Thunder and lightning damaged homes and caused travel disruption today as heavy rain left parts of Britain facing flood misery.
The Environment Agency (EA) issued three flood warnings, meaning flooding is expected, and a further 55 flood alerts across England and Wales after a month's worth of rain fell in some places.
It comes after the Met Office issued an "amber" warning of rain for England and eastern and central Wales, as heavy, thundery showers moved northwards during the day.
Up to 30mm of rain fell in an hour in some places, while Westonbirt in Gloucestershire recorded the UK's highest rainfall total of 78.8mm - more than the average monthly amount for July.
The stormy weather caused travel disruption at London's Heathrow Airport as airlines were forced to cancel 20% of flights for a two-hour period.
An airport spokeswoman said earlier: "There is severe weather forecast at Heathrow with a 70% risk of thunderstorms, lightning strikes and hail storms. During thunderstorms the number of aircraft that can take off and land each hour is reduced.
"We have therefore requested that airlines reduce their flight schedule by 20% between 4pm and 6pm.
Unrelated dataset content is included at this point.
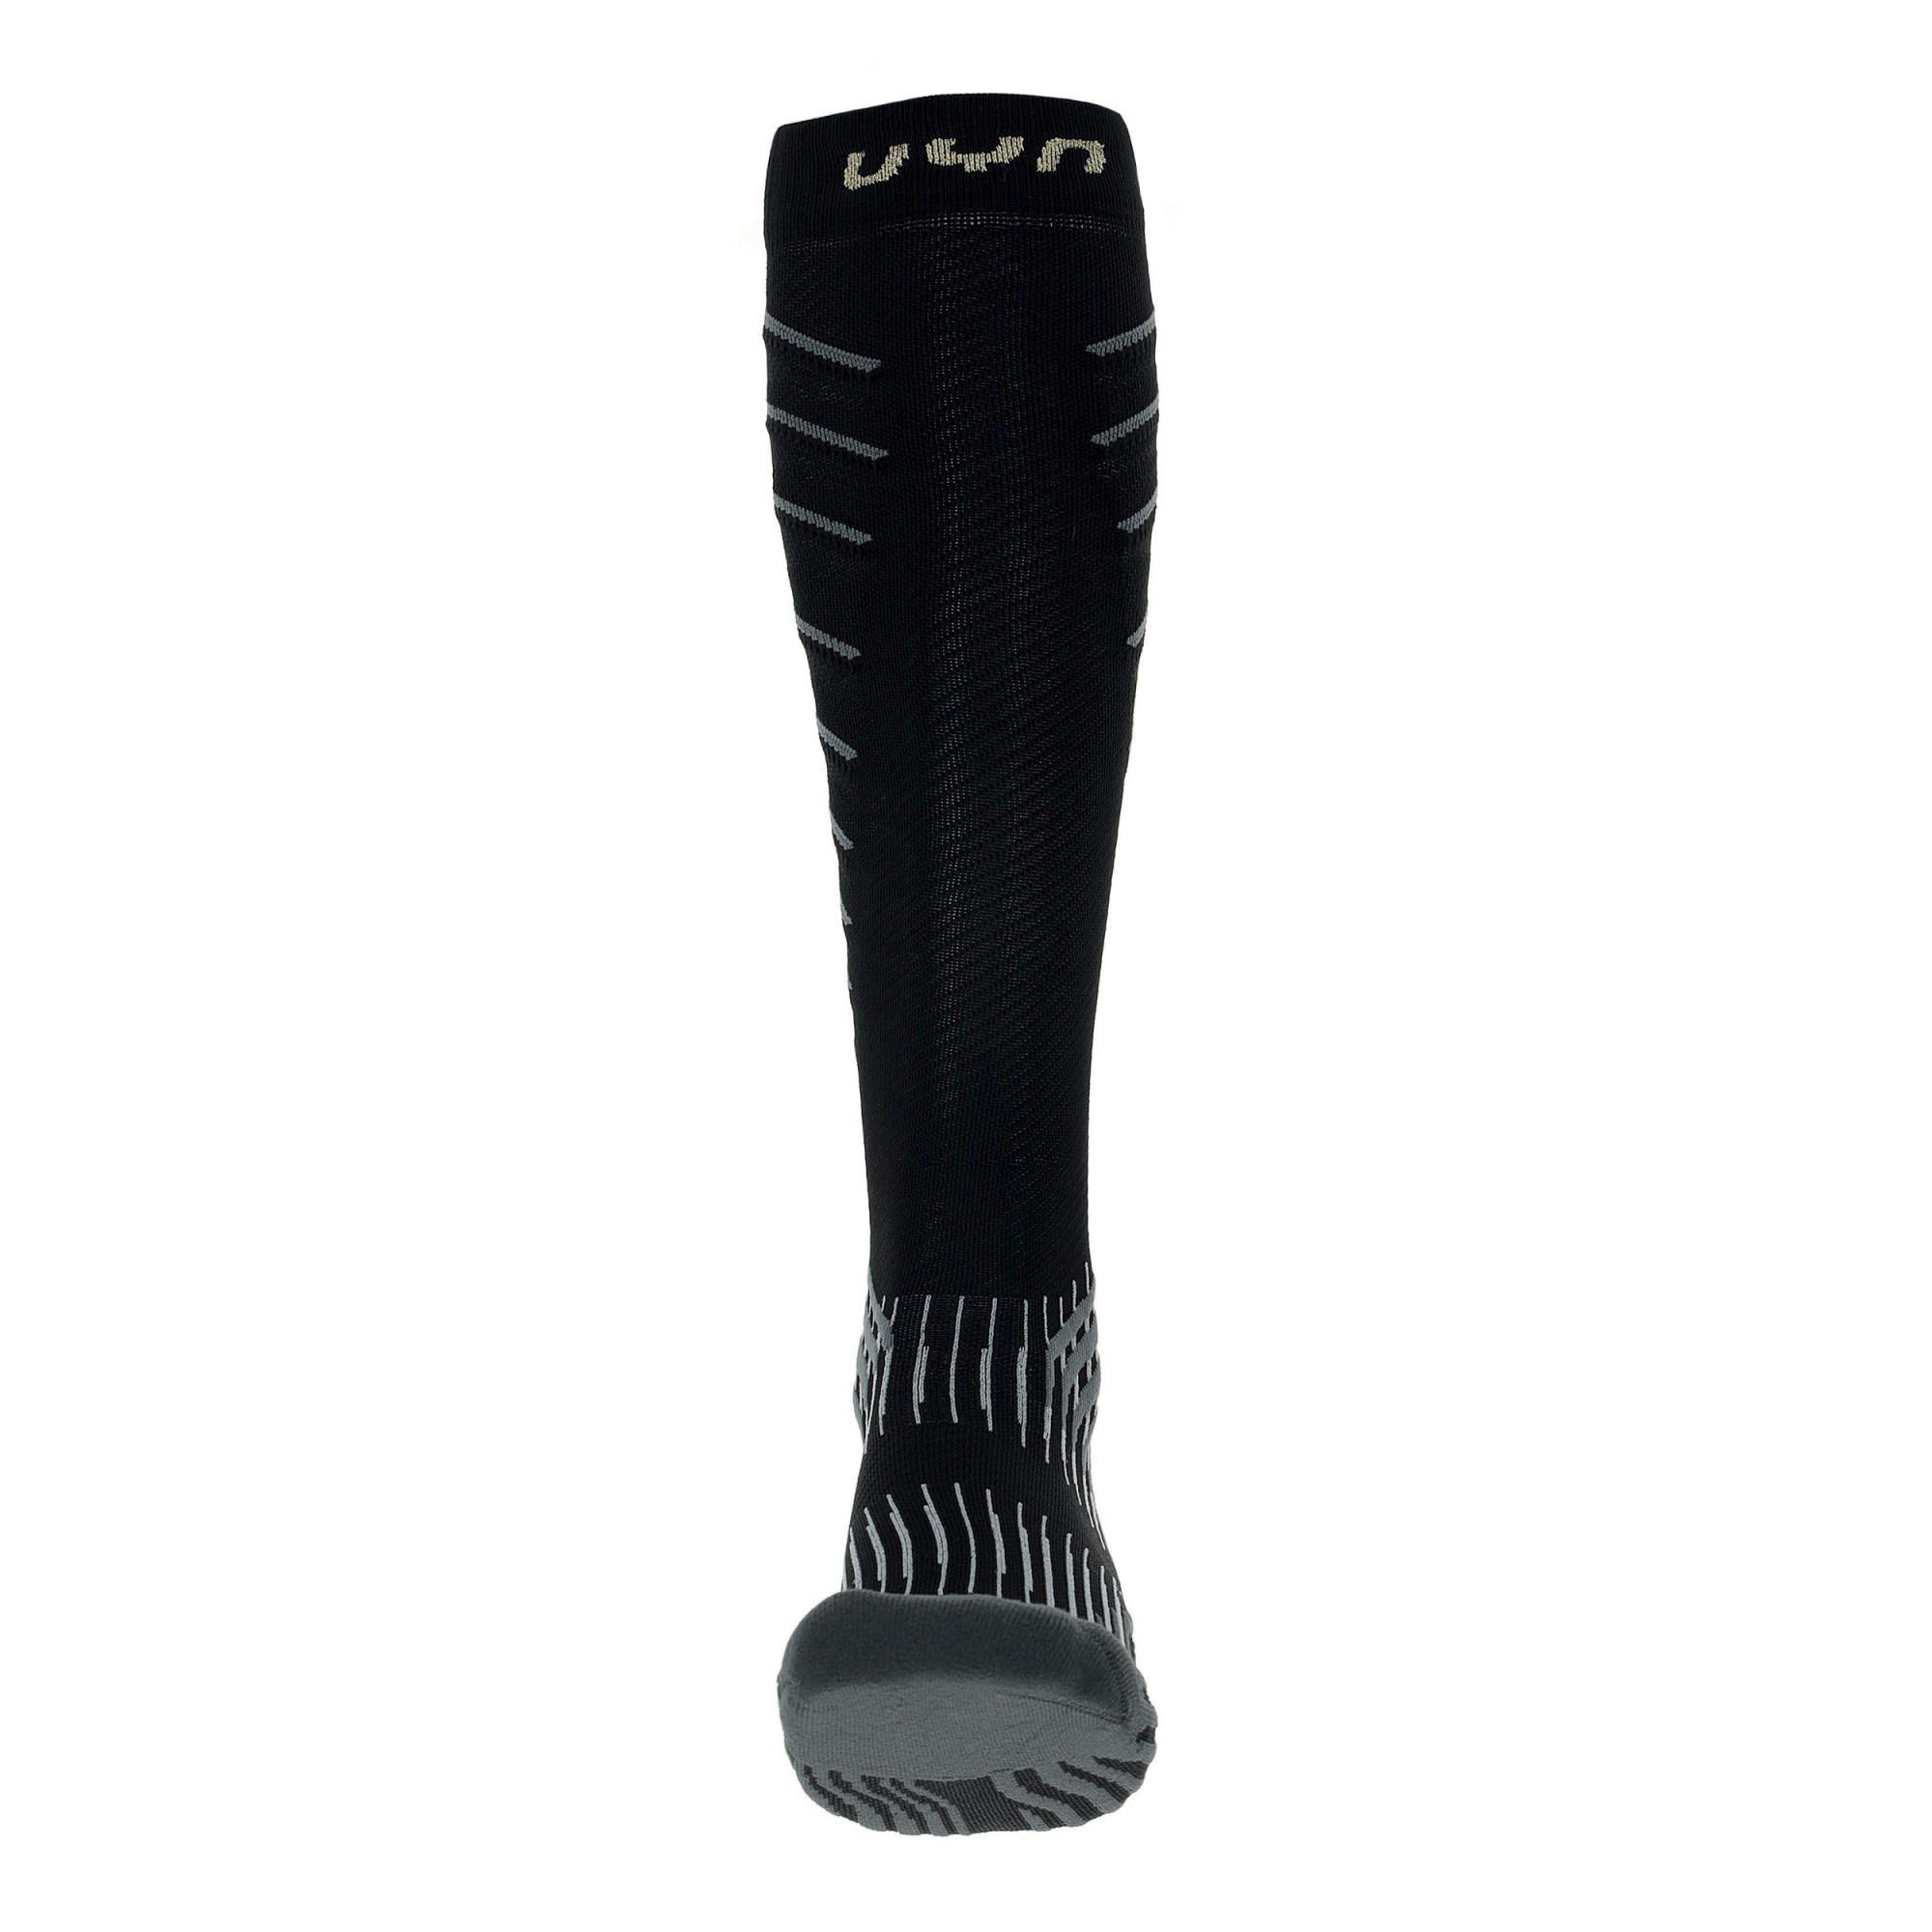 Socks Run W Compression - UYN Damen Onepiece Grey Uyn 0.0 Black Thermosocken

Passengers due to travel on July 19 are urged to check the status of their flight with their airline before travelling to the airport."
Manchester Airport said an electrical surge caused by thunderstorms led to some delays.
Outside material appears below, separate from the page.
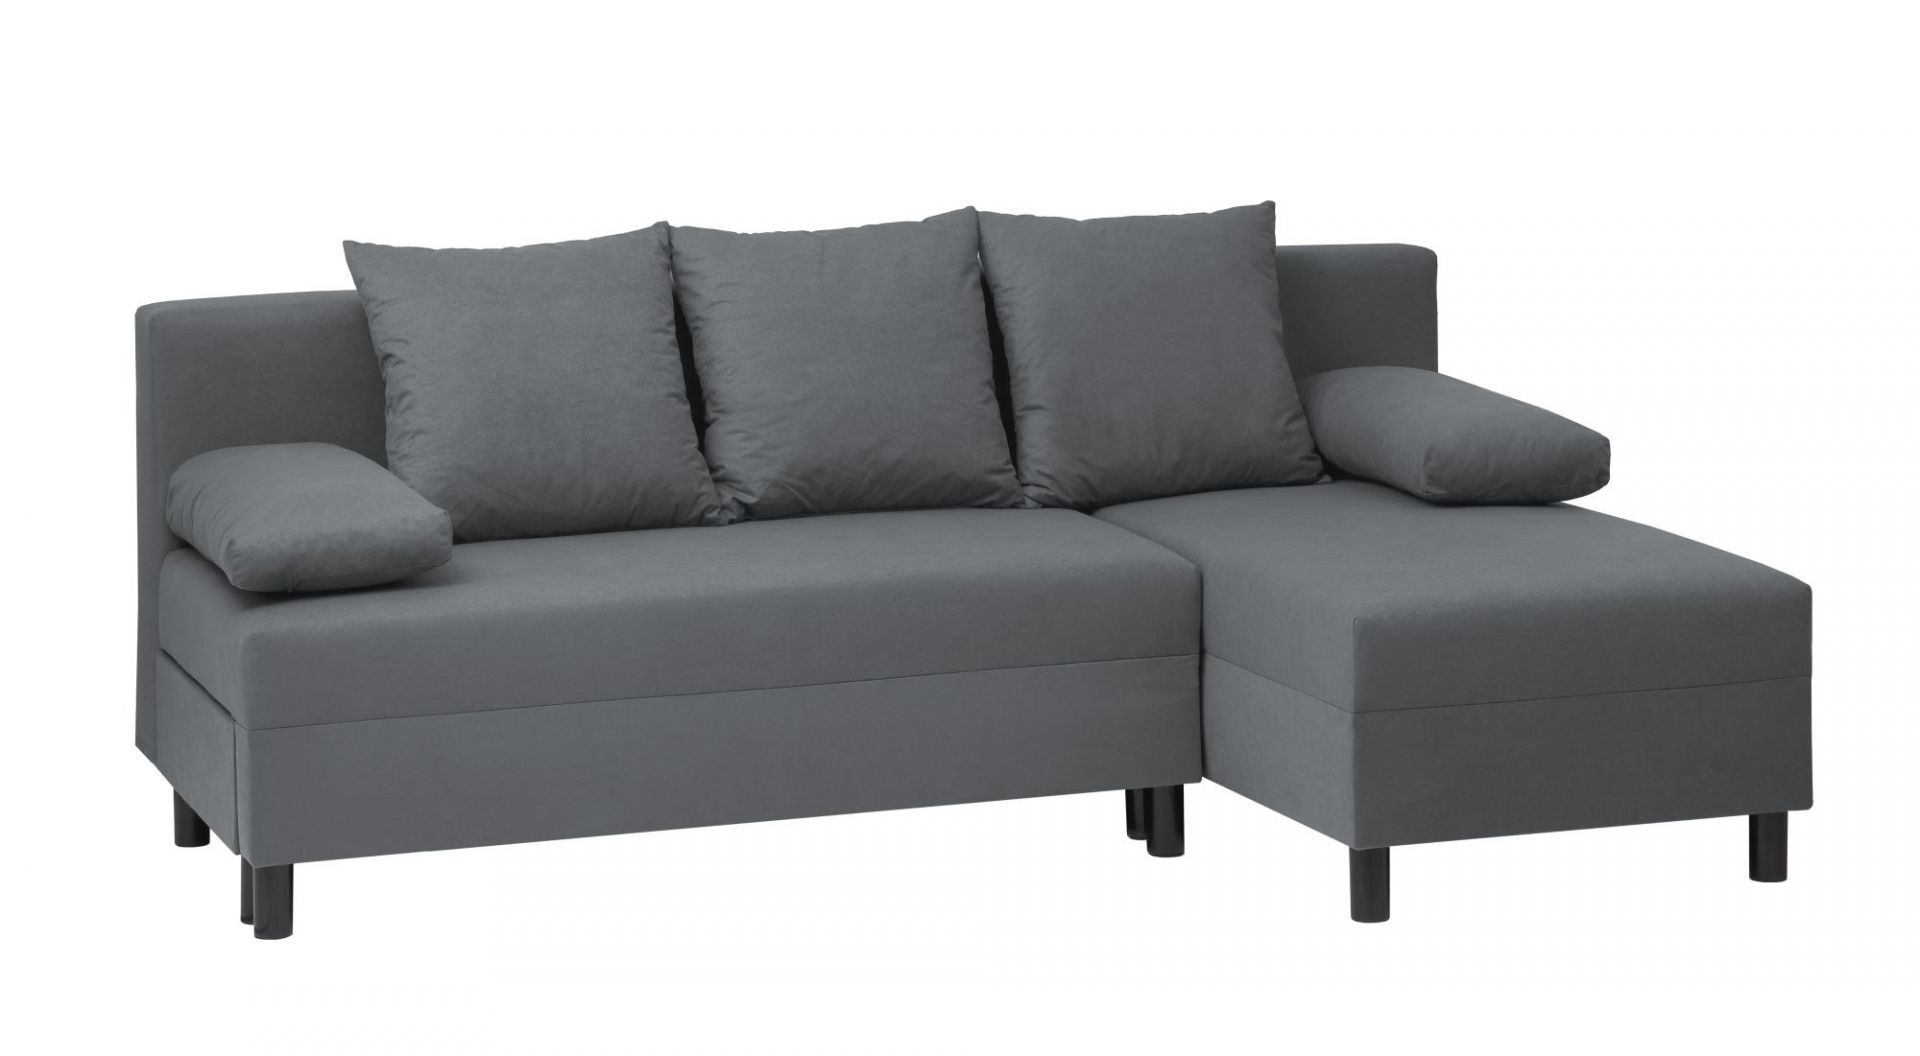 ANGSTA IKEA to rozkładana sofa narożna z leżanką (sofa, leżanka i dwuosobowe łóżko w jednym). Wymiary: 195x86x74 cm. Posiada pojemnik na pościel. SUGEROWANA CENA DETALICZNA: 799 zł Fot. IKEA

General duty manager Gary Brown said: "It impacted on some lifts and baggage systems but most systems are now back up and running ."
A family of four were forced out of their home after their semi-detached bungalow was struck by lightning, Essex Fire and Rescue said.
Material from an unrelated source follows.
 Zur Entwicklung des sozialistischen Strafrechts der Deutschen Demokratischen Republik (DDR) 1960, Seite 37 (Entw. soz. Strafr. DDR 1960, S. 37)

Firefighters tackled a blaze on the roof of the property in Holland on Sea shortly before 4.30am. No one was hurt.
The roof of another property in Essex collapsed after it was struck by lightning. Three fire crews were called to the house in Murrell Lock, Chelmsford, at about 10.45pm last night after smoke was seen pouring from the roof.
The fire spread to the first floor of the property but there were no reported casualties.
Just after 6am, Essex firefighters were also called to a blaze in a garage at Clacton Road in Elmstead, near Colchester, which was thought to have been started by a lightning strike.
Elsewhere, the first floor and roof of a house in Sittingbourne, Kent, was set alight by lightning, while a bungalow roof was hit in Whitstable, Kent Fire and Rescue said.
Houses were struck in the market village of Lenham, near Maidstone, while lightning also started several small fires in Willesborough, near Ashford.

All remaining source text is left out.